For this vision to be completely carried out, however, several infrastructure tools/protocols have to be built, from how we index data across a modular ecosystem to how networks communicate with one another, which is what Catalyst focuses on.
What is Catalyst
Catalyst is building a cross-chain liquidity layer for the modular ecosystem. “Catalyst allows any chain to permissionlessly connect liquidity to that of another chain. New chains can automatically transfer to/from any other chain from day one”.
Catalyst uses a “unit of liquidity, " calculated when the user deposits their funds into Catalyst, to solve liquidity fragmentation. In short, this means that we don’t need to have different types of the same token.
Ultimately, Catalyst will add a new module to the modular stack. Developers will be able to leverage this new module in order to connect to any other chain that is also leveraging this Catalyst module.
What’s Next
On the same day as the protocol announcement, the team also announced a $4.2M raise, in a round led by the Spartan Group.
According to Jim, Catalyst founder, the protocol is expected to launch on testnet this summer - you can sign up for the waitlist today to be notified when this occurs. In the meantime, we should be expecting a published whitepaper from the team sometime soon.
Catalyst is building another component for the modular stack.
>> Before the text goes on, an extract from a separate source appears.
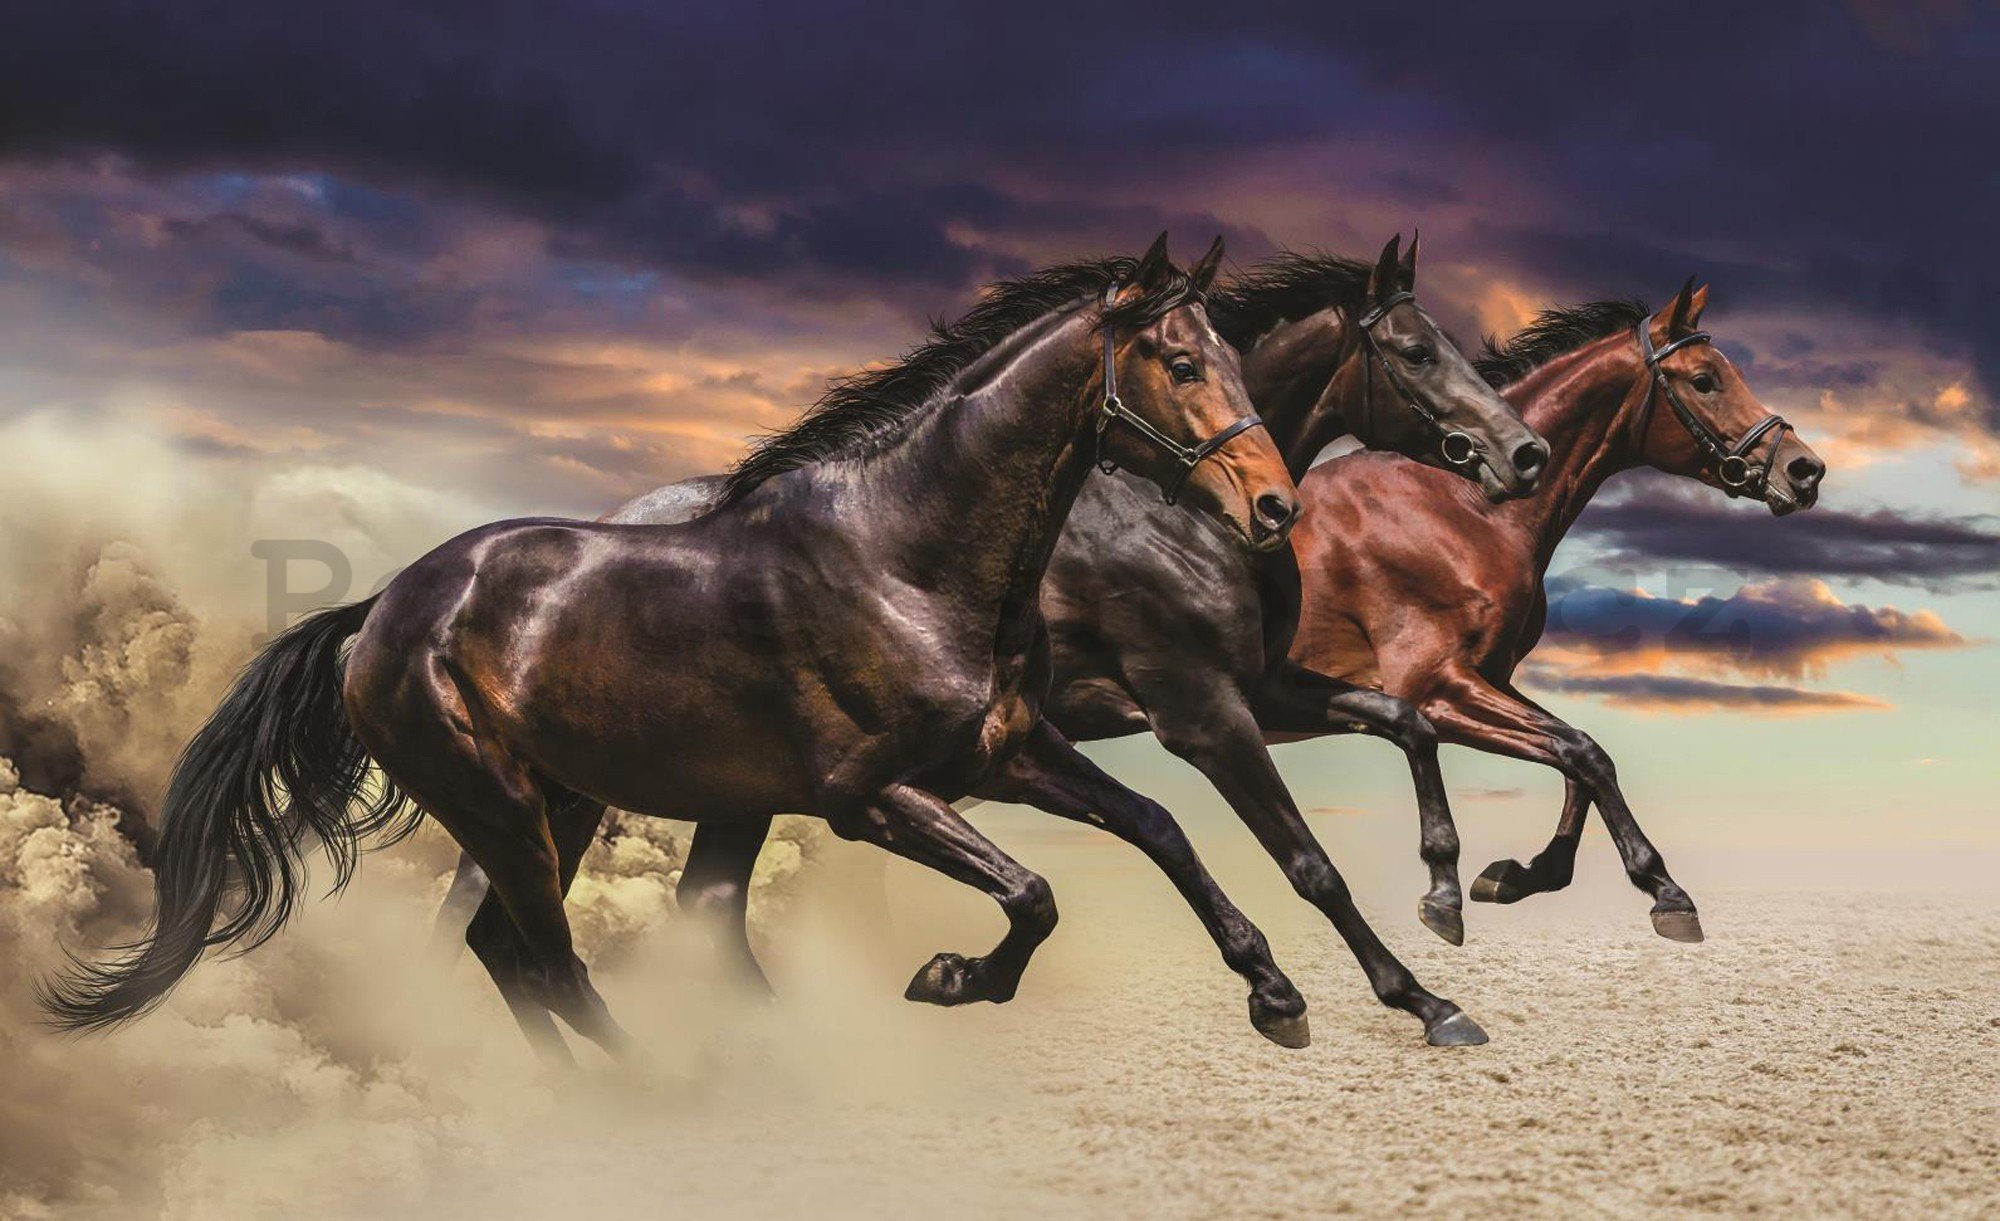 Fototapeta vliesová: Cvalájící koně - 416x254 cm

We look forward to seeing the team’s continued development.
Dymension launches the first IBC-enabled EVM Rollup
Last week, Dymension announced the launch of the first ever IBC-enabled EVM RollApp on their 35-C testnet.
What Is Dymension
Dymension is building an IBC-enabled “rollapp” ecosystem. Specifically, Dymension is a proof of stake blockchain that was built using the Cosmos stack. This PoS chain serves as the settlement hub for the entire Dymension ecosystem, and provides all connected rollapps with security, liquidity, and inter-connectivity.
On top of this Dymension hub will be an ecosystem of “rollapps” that will be developed using Dymension’s “Rollup Development Kit” (RDK). This RDK is a set of tools and modules that developers can take advantage of in order to deploy their own rollup - it’s similar to Cosmos’ own SDK framework, except the RDK is more tailored for rollups, as opposed to app-chain.
For those unaware, an application-specific rollup (rollapp) is a rollup dedicated to a specific application (each app is its own dedicated execution environment), rather than a general-purpose rollup, which is built to host a variety of applications. You can learn more about rollapps here if you’re interested.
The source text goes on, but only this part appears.